The problem is that it was not really a GitHub issue, it's Rails having a grossly insecure default setting. According to one of the comments in the bug tracker a lot of other high-profile sites also have the same problem. And presumably new ones would keep popping up for as long as Rails is the new hotness.
So disclosing the problem to GitHub would not solve anything. They'd deploy the fix, but a lot of other sites remain vulnerable. That's probably the case even if GitHub were willing to take a PR hit and admit they'd been insecure for a long time in order to spur other Rails users to fix their code. After all, they hadn't fixed their code after the previous widely published security problems caused by the same underlying issue.
Clearly the Rails core team were not willing to consider any kind of changes to improve the situation. As such, you can argue that making as big a scene as possible is the best way to improve security globally. It's of course unfortunate for GitHub that he chose to use that site as the example due to the obvious reasons.
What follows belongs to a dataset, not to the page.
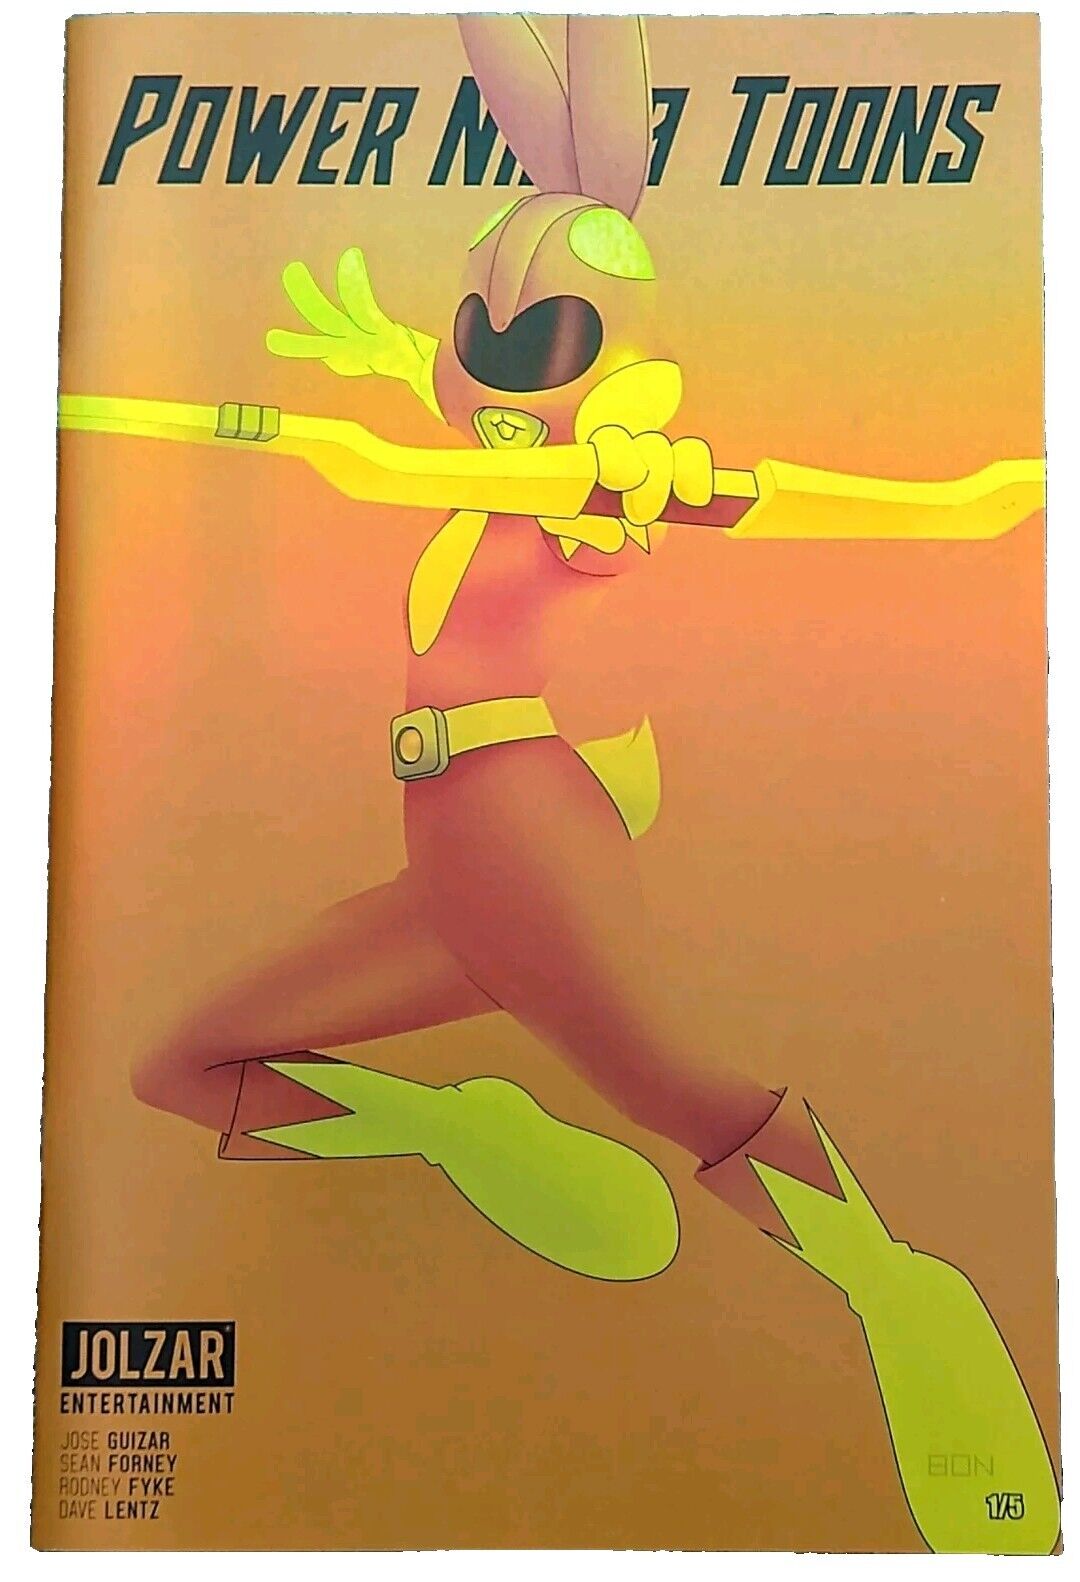 Power Ninja Toons Pink Ranger MMPR  Homage GOLD Foil Variant Cover #1/5
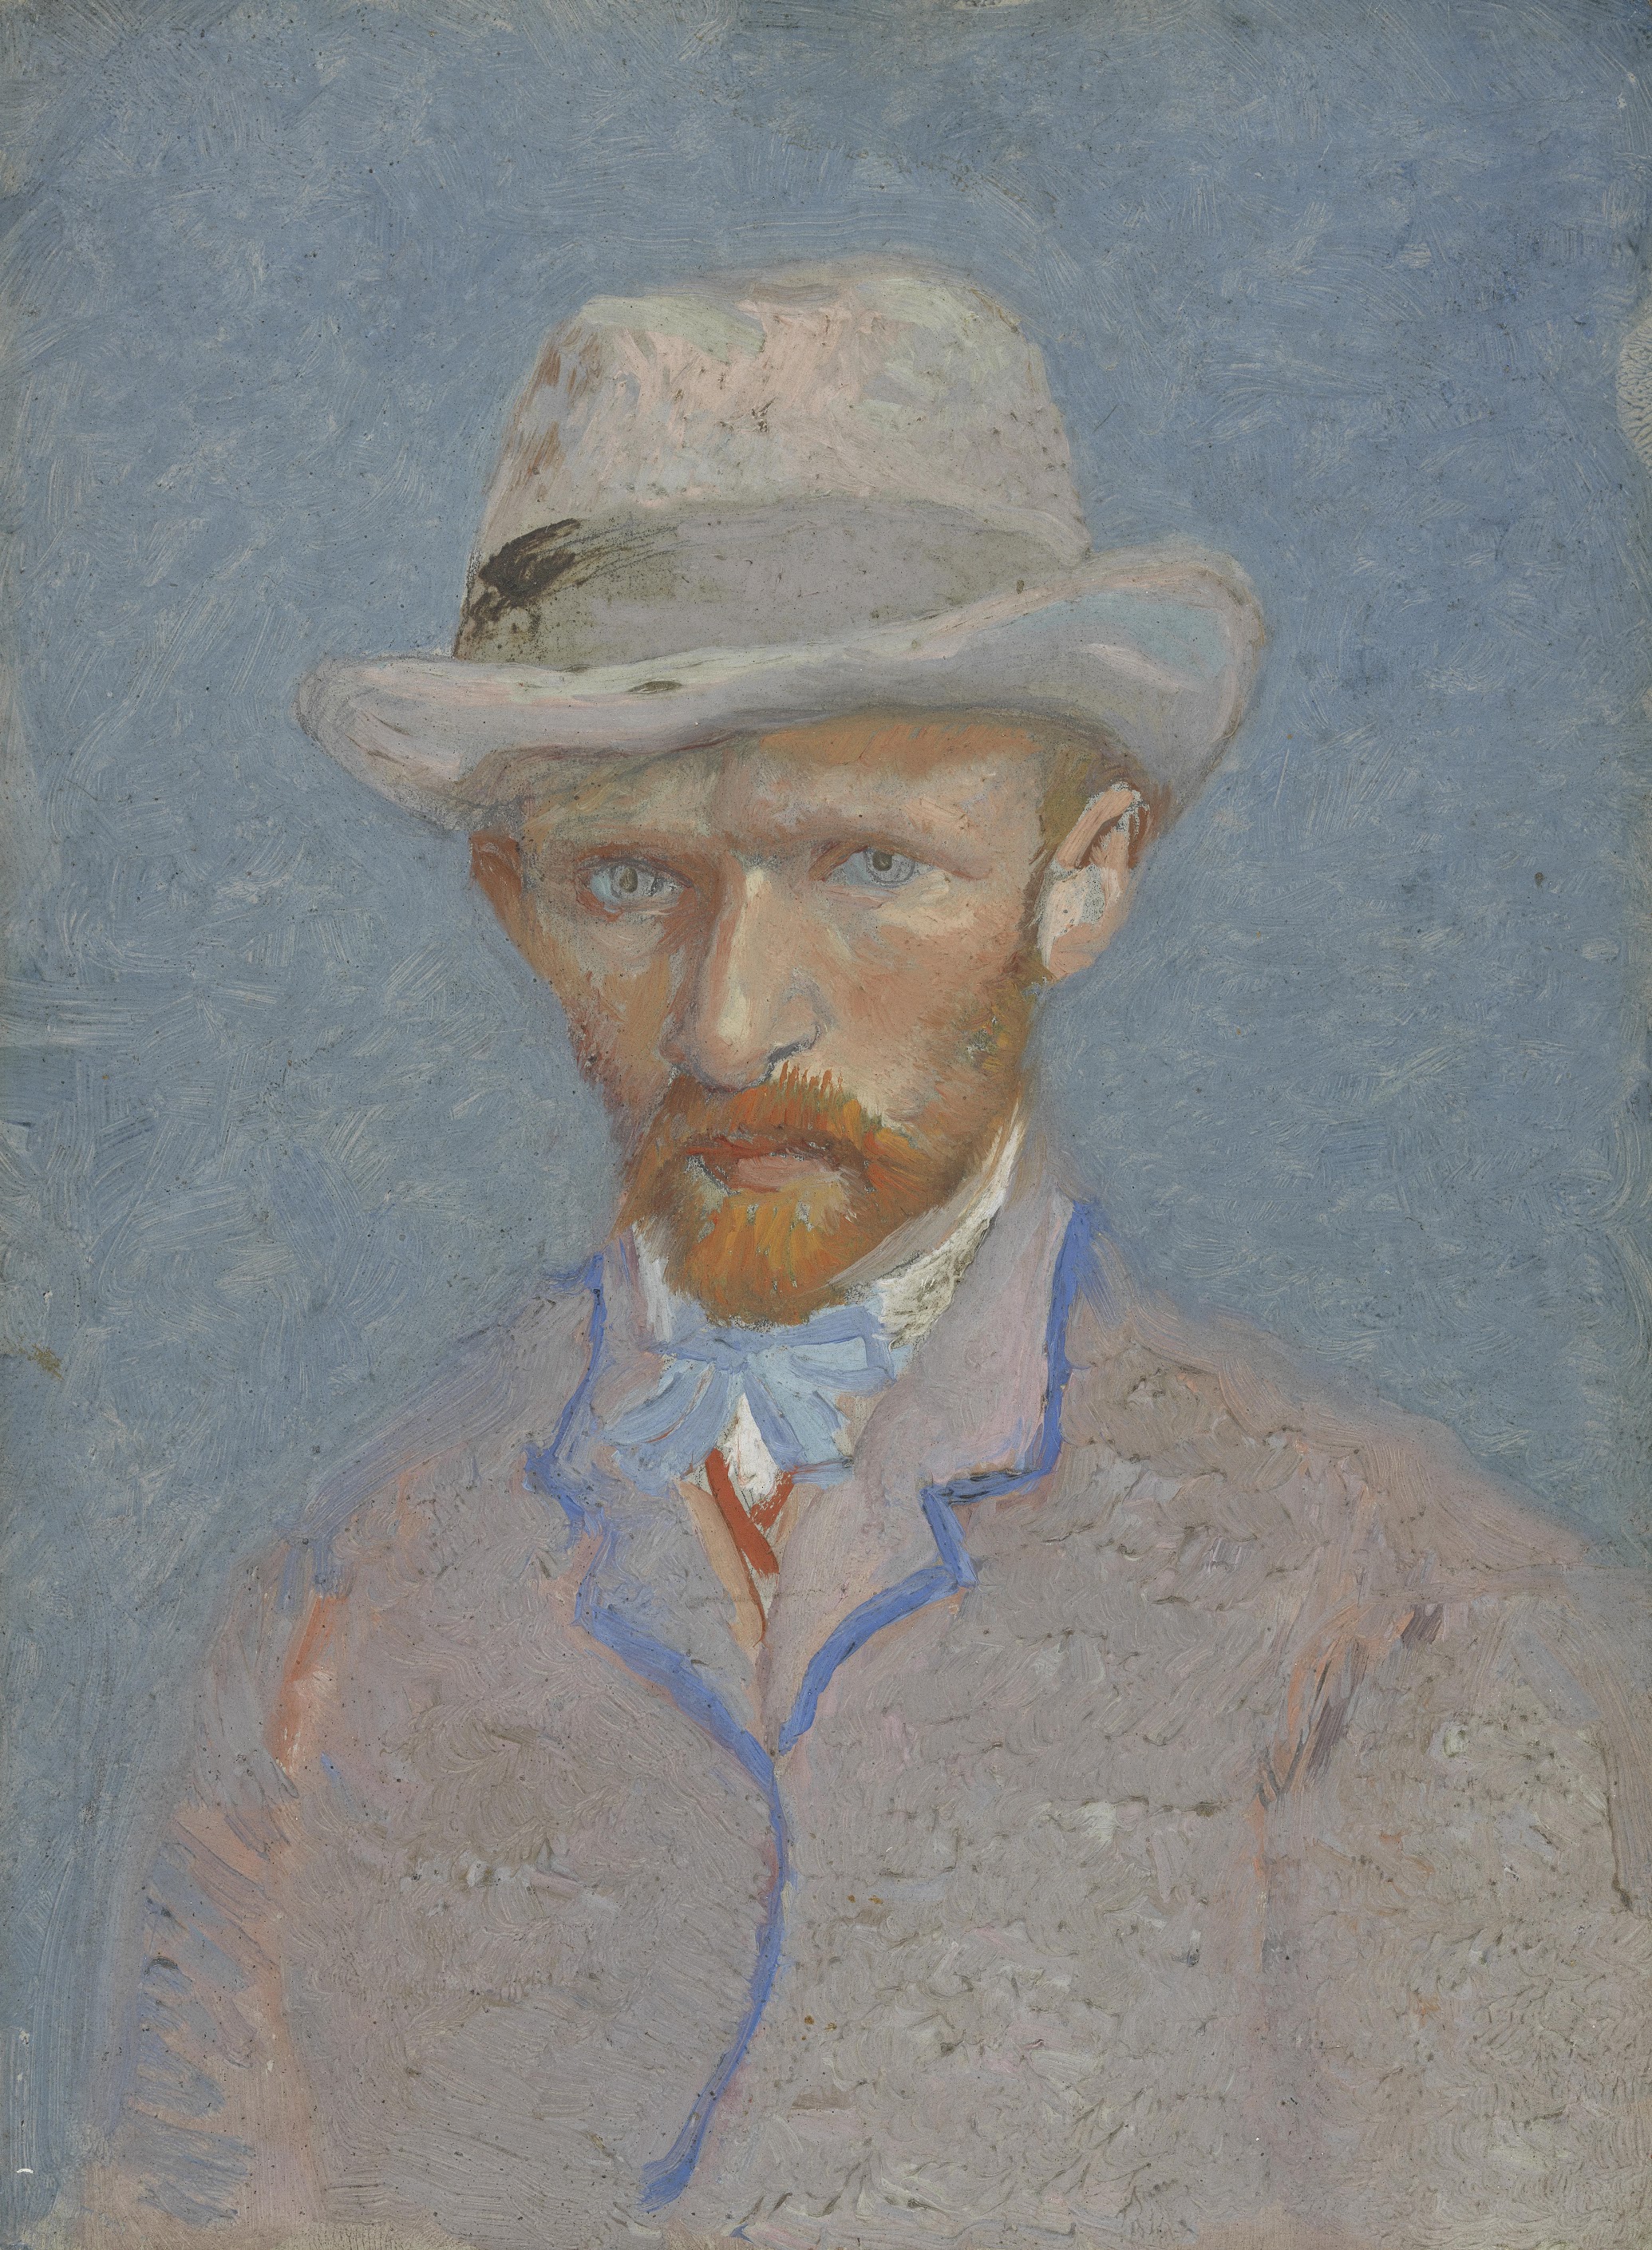 自畫像 by Vincent van Gogh - 1887年夏 - 19.0 cm x 14.1 cm

And certainly the timing is about as unfriendly as possible from the point of view of a west coast person.
* it provides a how to for other individuals to repeat the attack, in a public forum.
* it was made against an innocent third-party.
* I doubt steps were taken to contact the third-party.
* it was made on a Sunday morning. making it difficult to scramble and get a fix out the door.
"Clearly the Rails core team were not willing to consider any kind of changes to improve the situation"
The ticket was opened three days ago. Are you advocating that if an issue isn't resolved in an open-source project, in under a week, the individual raising the issue should be able to publicly attack anyone using the project?
Also, I'll put this gem of a quote out there:
"not only github is vulnerable this way - I found a lots of rails apps that are waiting for my hack! Yeah, it is only start" (mwahahahaha).